Repeat the listing that follows exactly. Pictures are not part of the copy.
::: DATA BELOW
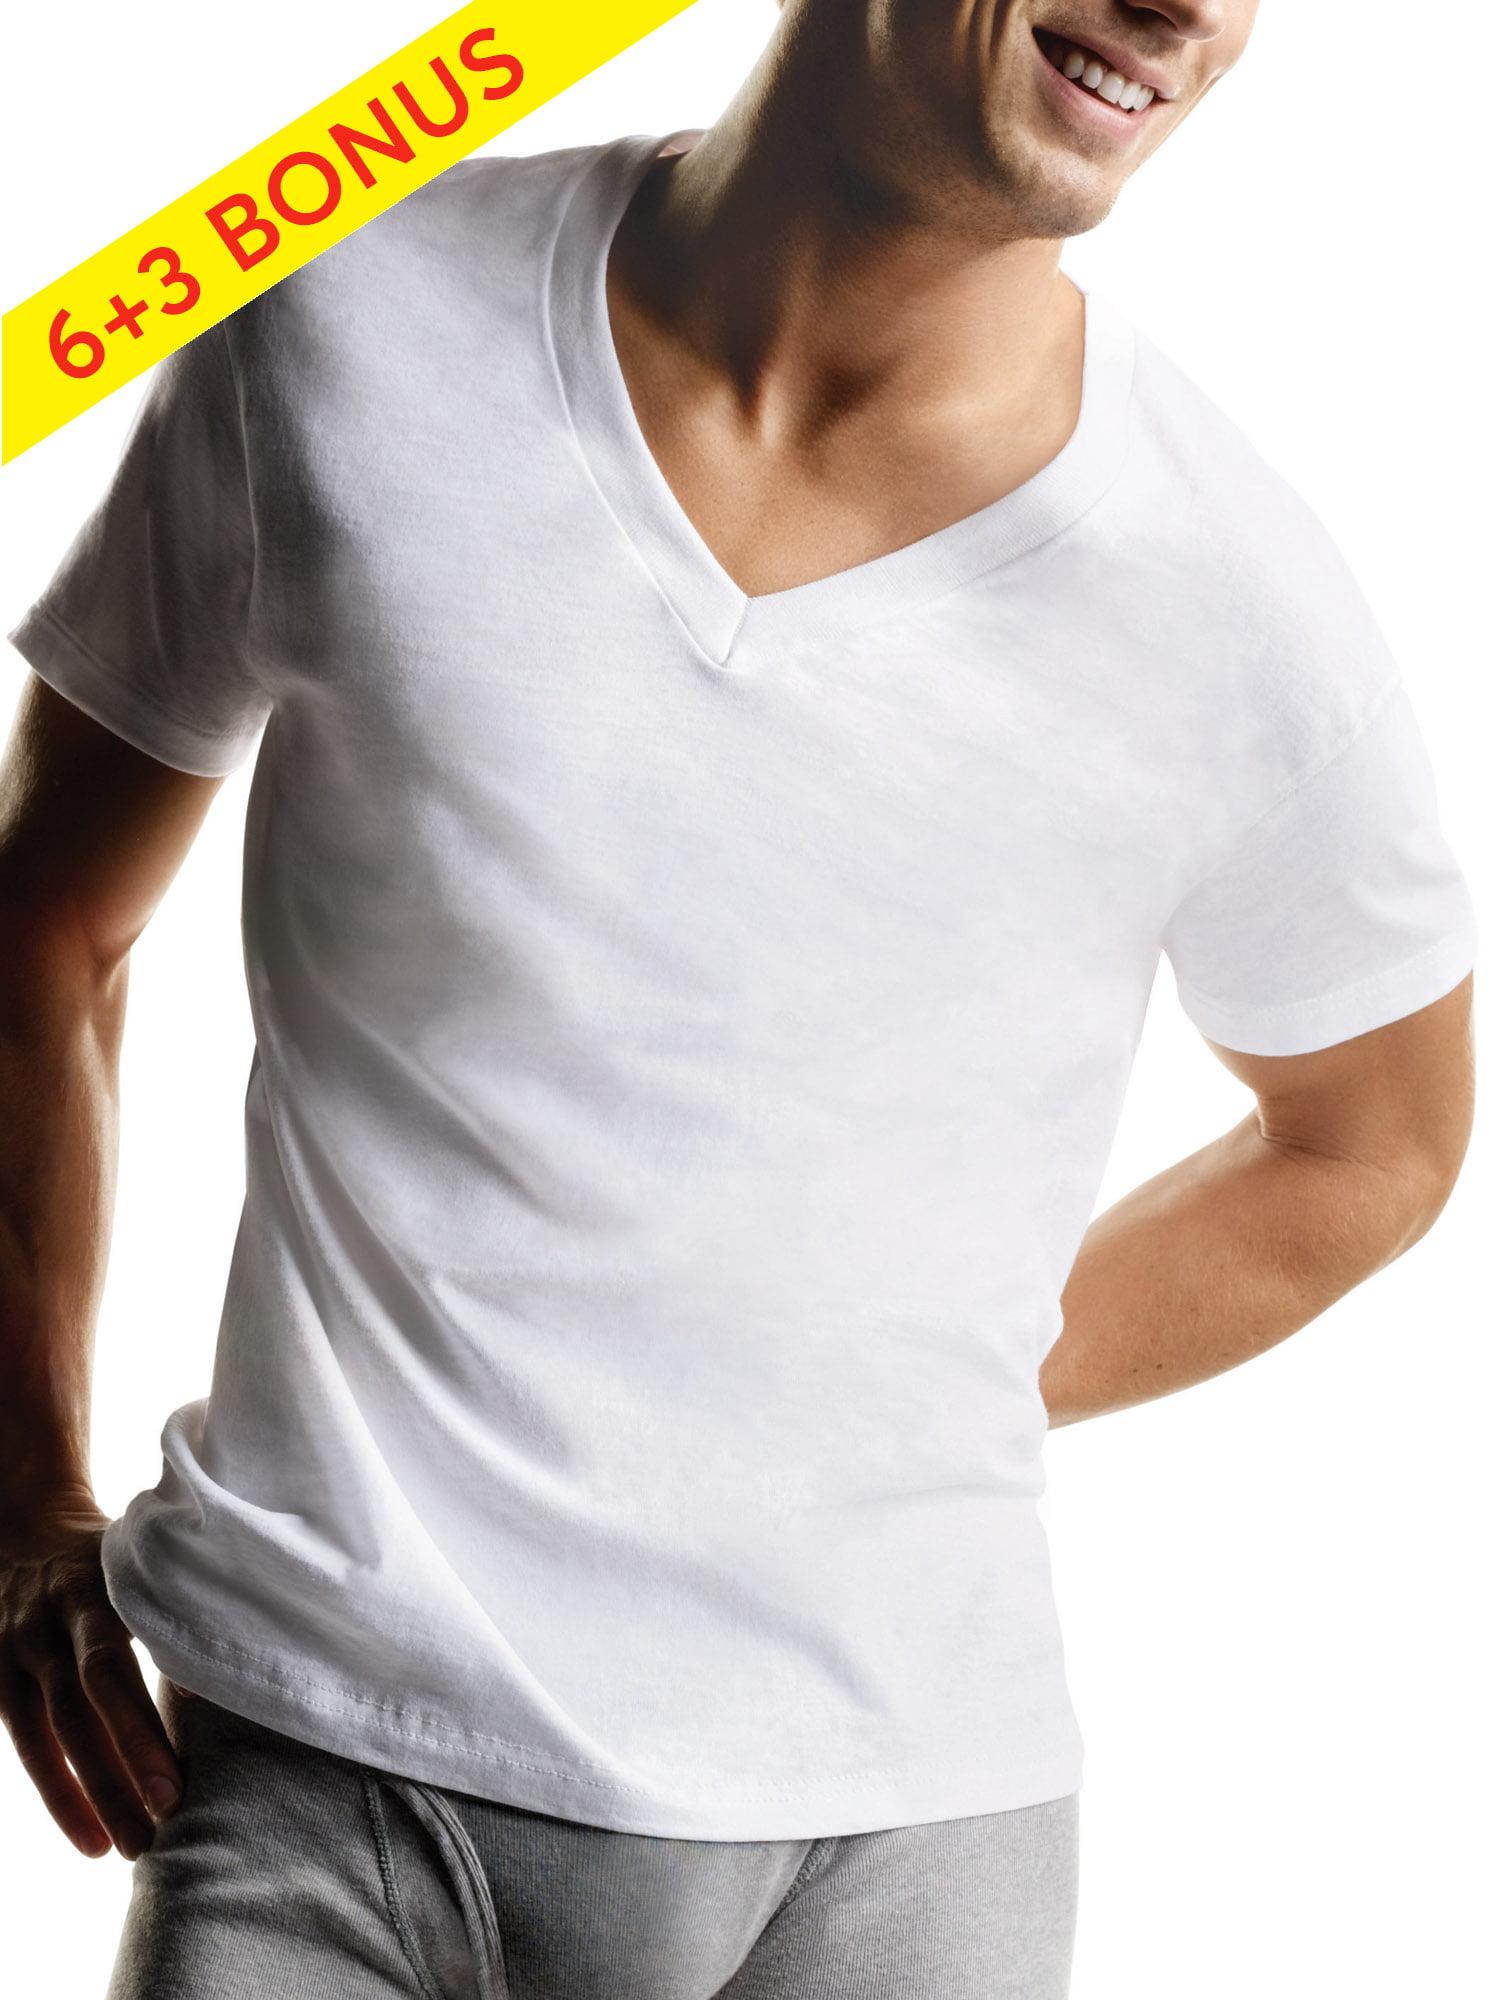 Hanes - Hanes Men's Tagless ComfortSoft White V-Neck Undershirt, 6 + 3 Bonus Pack - Walmart.com
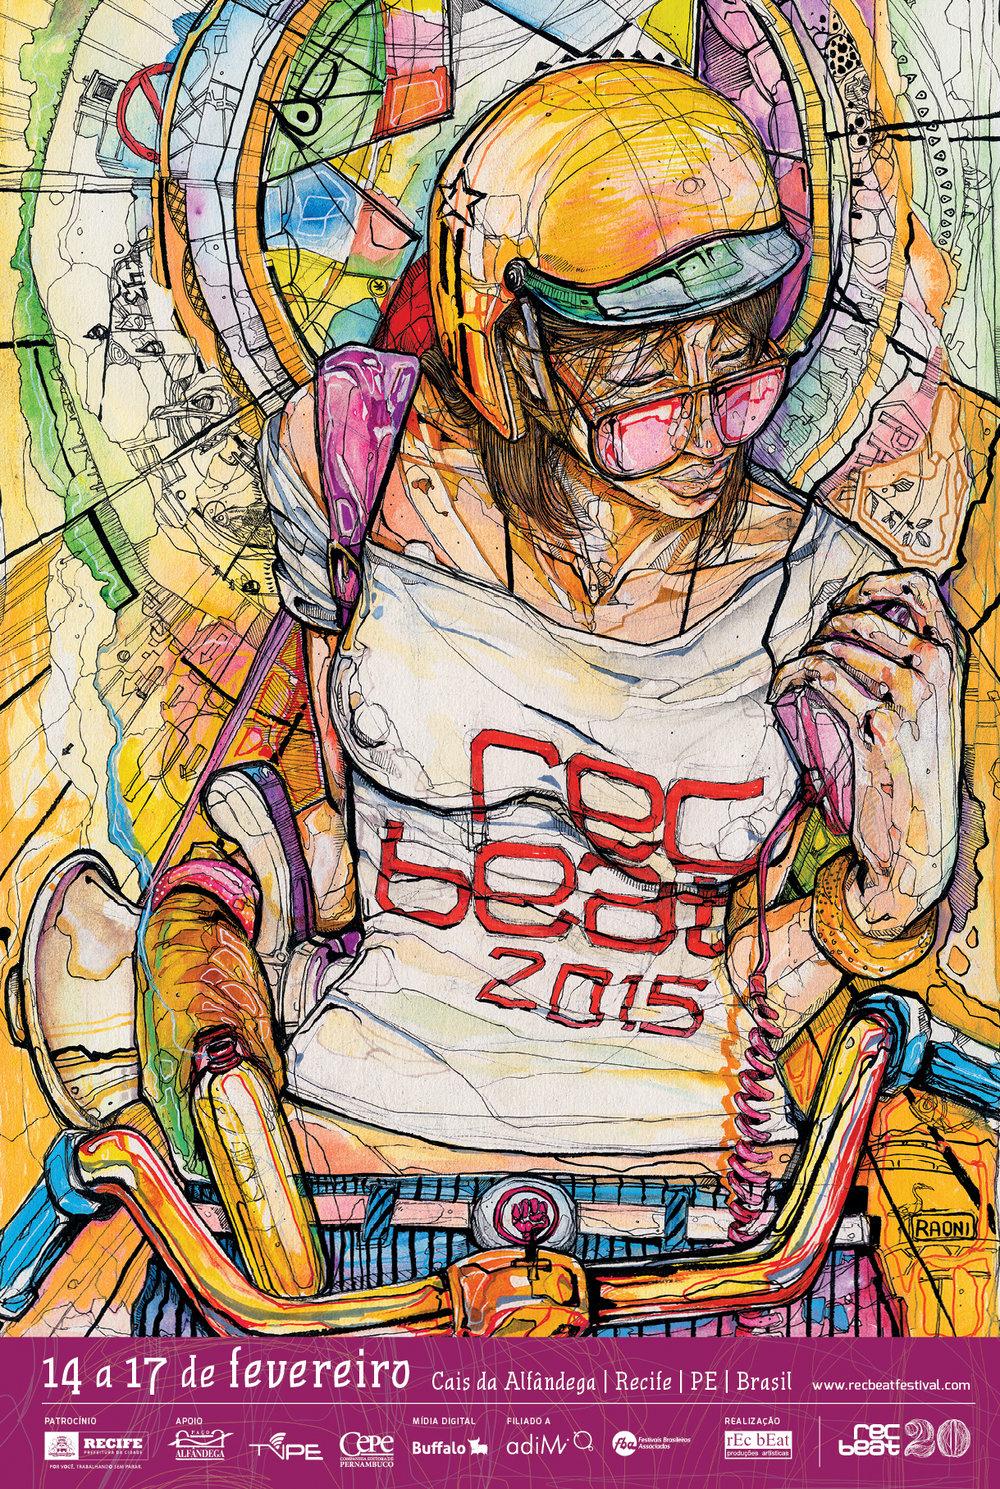 Recbeat2015-cartaz oficial 43x64-v4.jpg
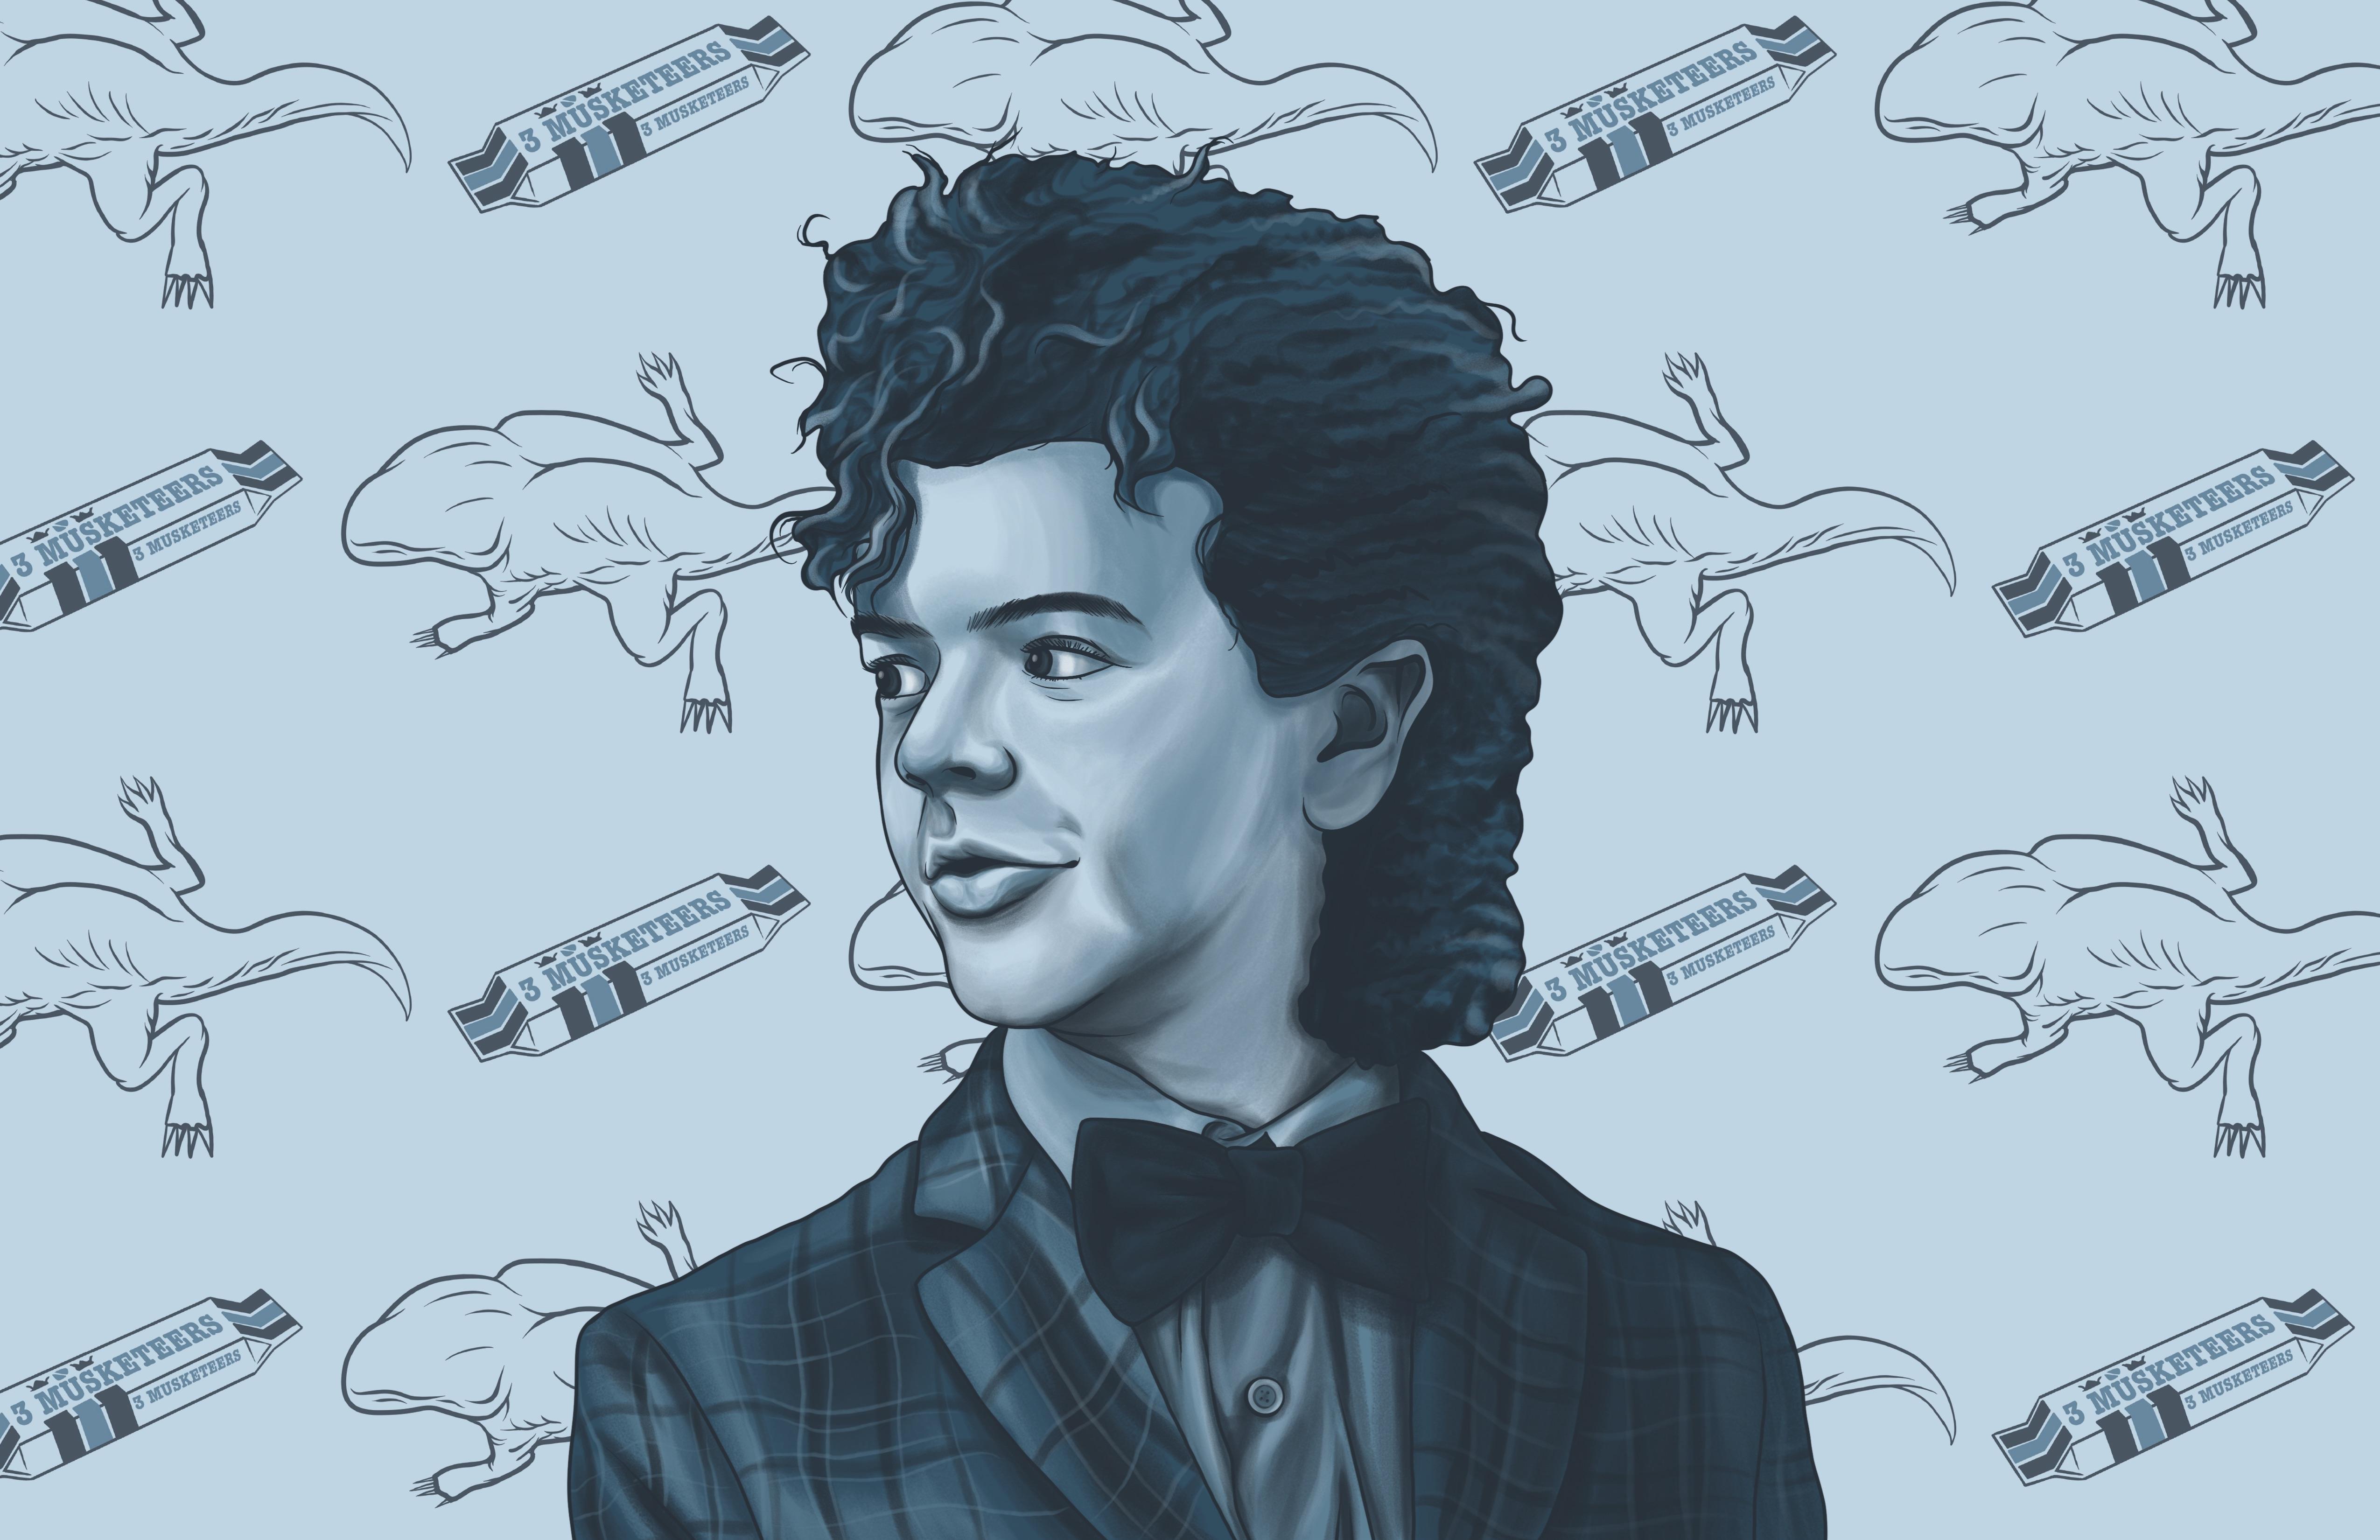 2048x2048 Anthem Ipad Air Hd 4k Wallpapers Images: 2048x2048 Dustin Stranger Things Season 2 FanArt Ipad Air
::::::
» RESULT FOR THIS TASK:
 Hanes - Hanes Men's Tagless ComfortSoft White V-Neck Undershirt, 6 + 3 Bonus Pack - Walmart.com
 Recbeat2015-cartaz oficial 43x64-v4.jpg
 2048x2048 Anthem Ipad Air Hd 4k Wallpapers Images: 2048x2048 Dustin Stranger Things Season 2 FanArt Ipad Air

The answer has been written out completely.